Hämische Kommentare in sozialen Netzwerken

Die Tötung Lübckes hatte teils hämische Kommentare in den sozialen Netzwerken ausgelöst. Anlass dafür könnte der Einsatz des Regierungspräsidenten für Flüchtlinge im Jahr 2015 gewesen sein. „Diese Reaktionen im Netz sind menschenverachtend und bedienen niederste Instinkte“, sagte Bouffier dem „Spiegel“. „Wir müssen dafür sorgen, dass diese Kommentare schneller gelöscht werden.“ Bouffier sieht hier die Plattformbetreiber in der Pflicht.

In einem Facebook-Beitrag eines AfD-Kreisverbandes aus Schleswig-Holstein hieß es zu Lübckes Tod etwa: „„Mord???? Er wollte nicht mit dem Fallschirm springen...“ – offenbar ein Verweis auf den Suizid des FDP-Politikers Jürgen Möllemann im Jahr 2003.

Der Antisemitismusbeauftragte Klein betonte: „Ebenso wie bei der Äußerung von antisemitischen Inhalten hat sich hier eine Verrohung gezeigt, die wir so nicht hinnehmen sollten.

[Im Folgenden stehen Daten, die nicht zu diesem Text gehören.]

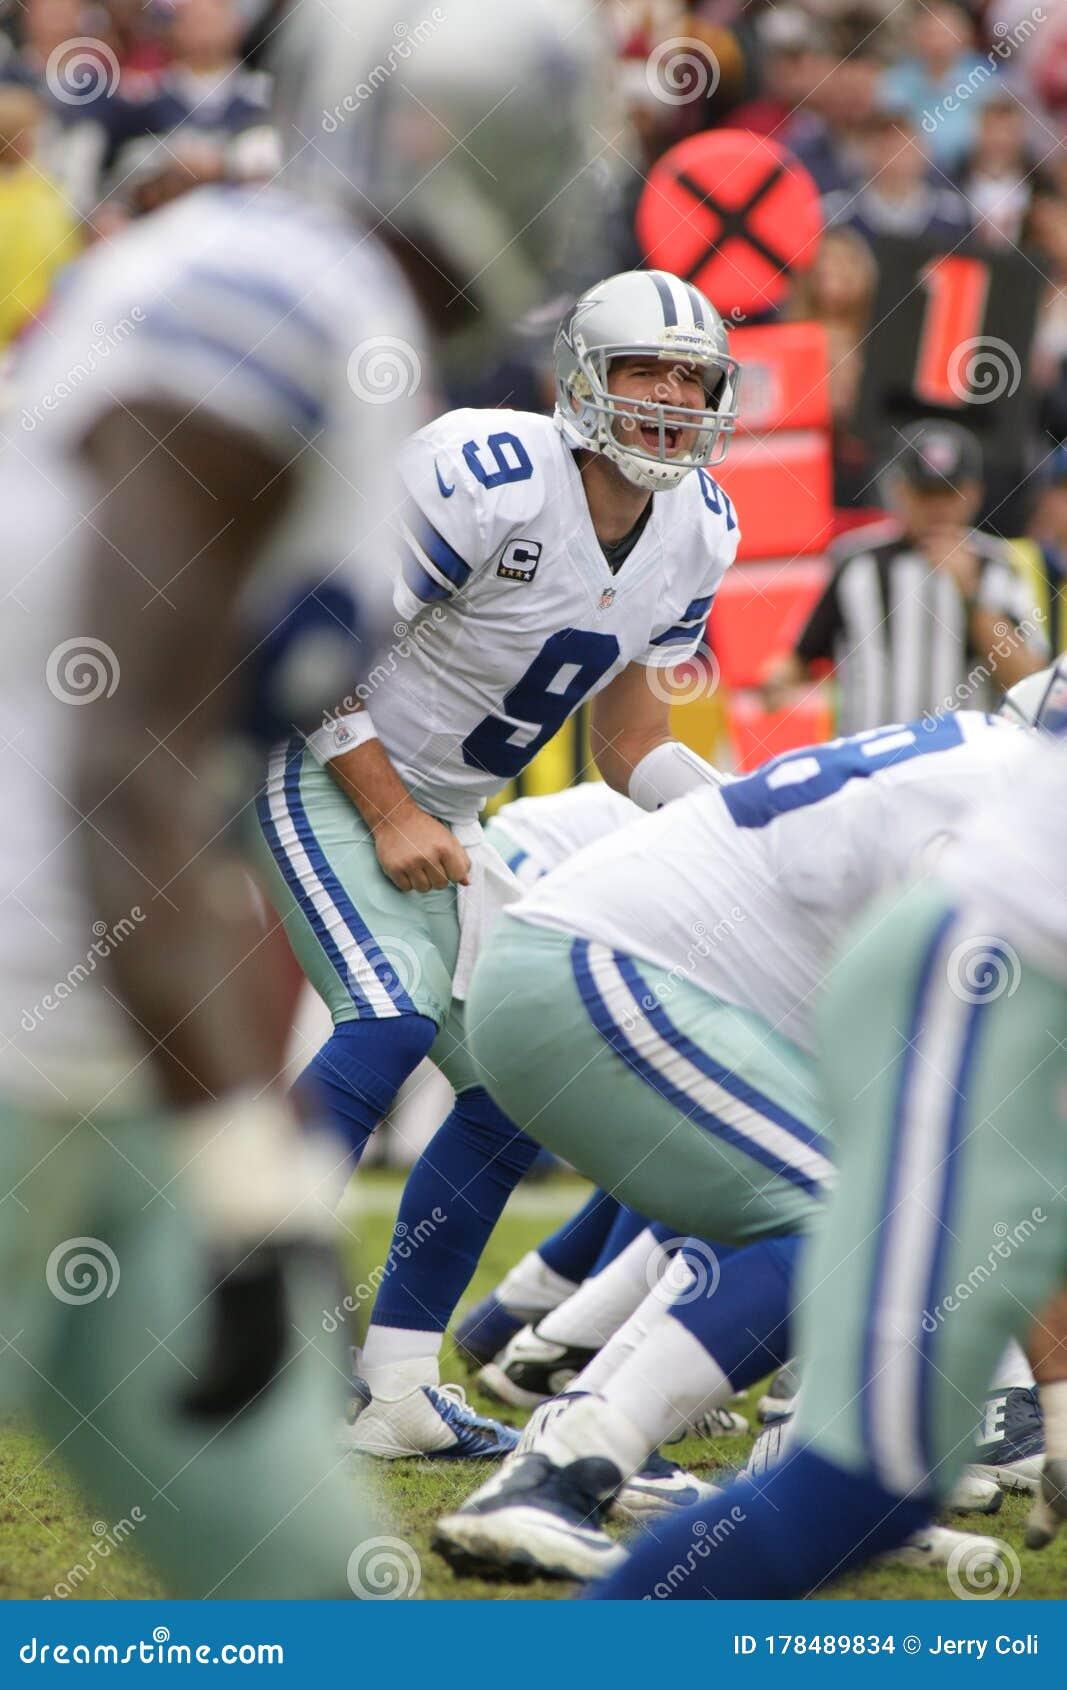 Is Dallas Cowboys quarterback Tony Romo a Hall of Famer?
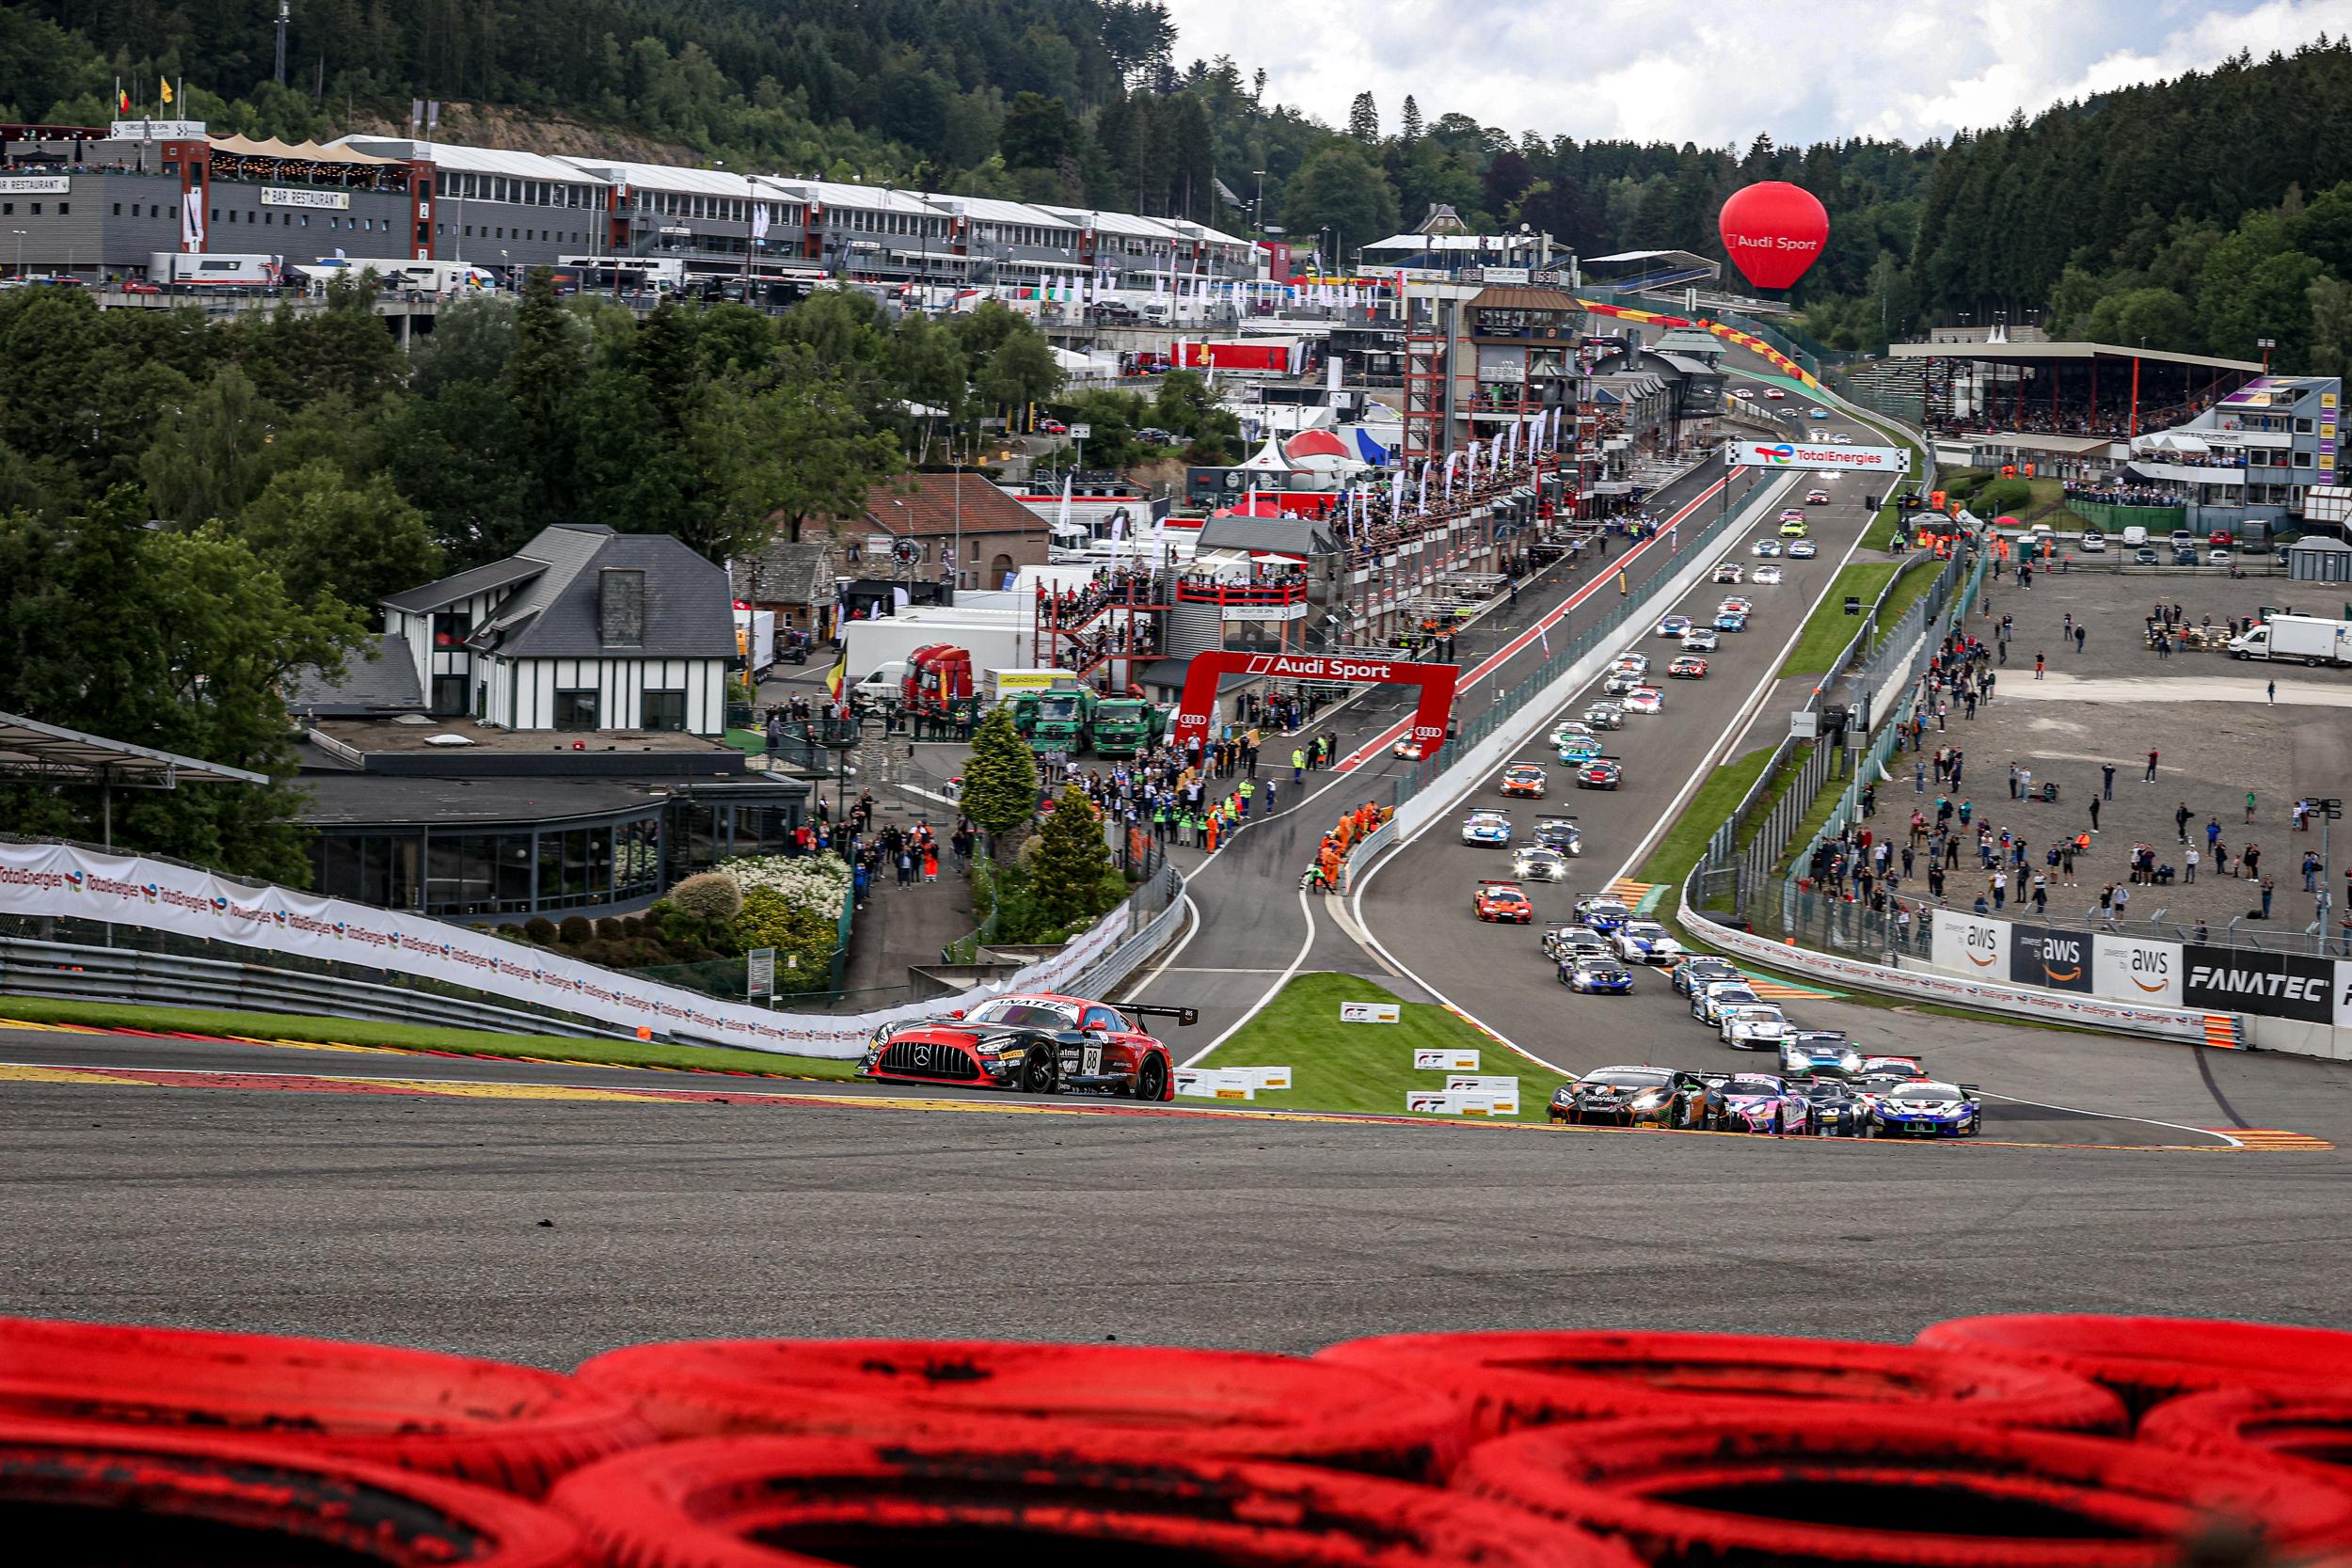 24h Spa Start Race-Fanatec GT World Challenge-Spa Francorchamps

Es ist an der Zeit, dass wir auch auf europäischer Ebene die Verbreitung von Hass nicht dulden und dafür sorgen sollten, dass die Regeln, die in der realen Welt gelten, auch im Internet und in den sozialen Medien angewendet werden.“

Walter Lübcke war zehn Jahre als Regierungspräsident des Regierungsbezirks Kassel tätig. Das Präsidium mit etwa 1200 Mitarbeitern kann als Schaltstelle zwischen Ministerien, Kommunen und Landratsämtern verstanden werden.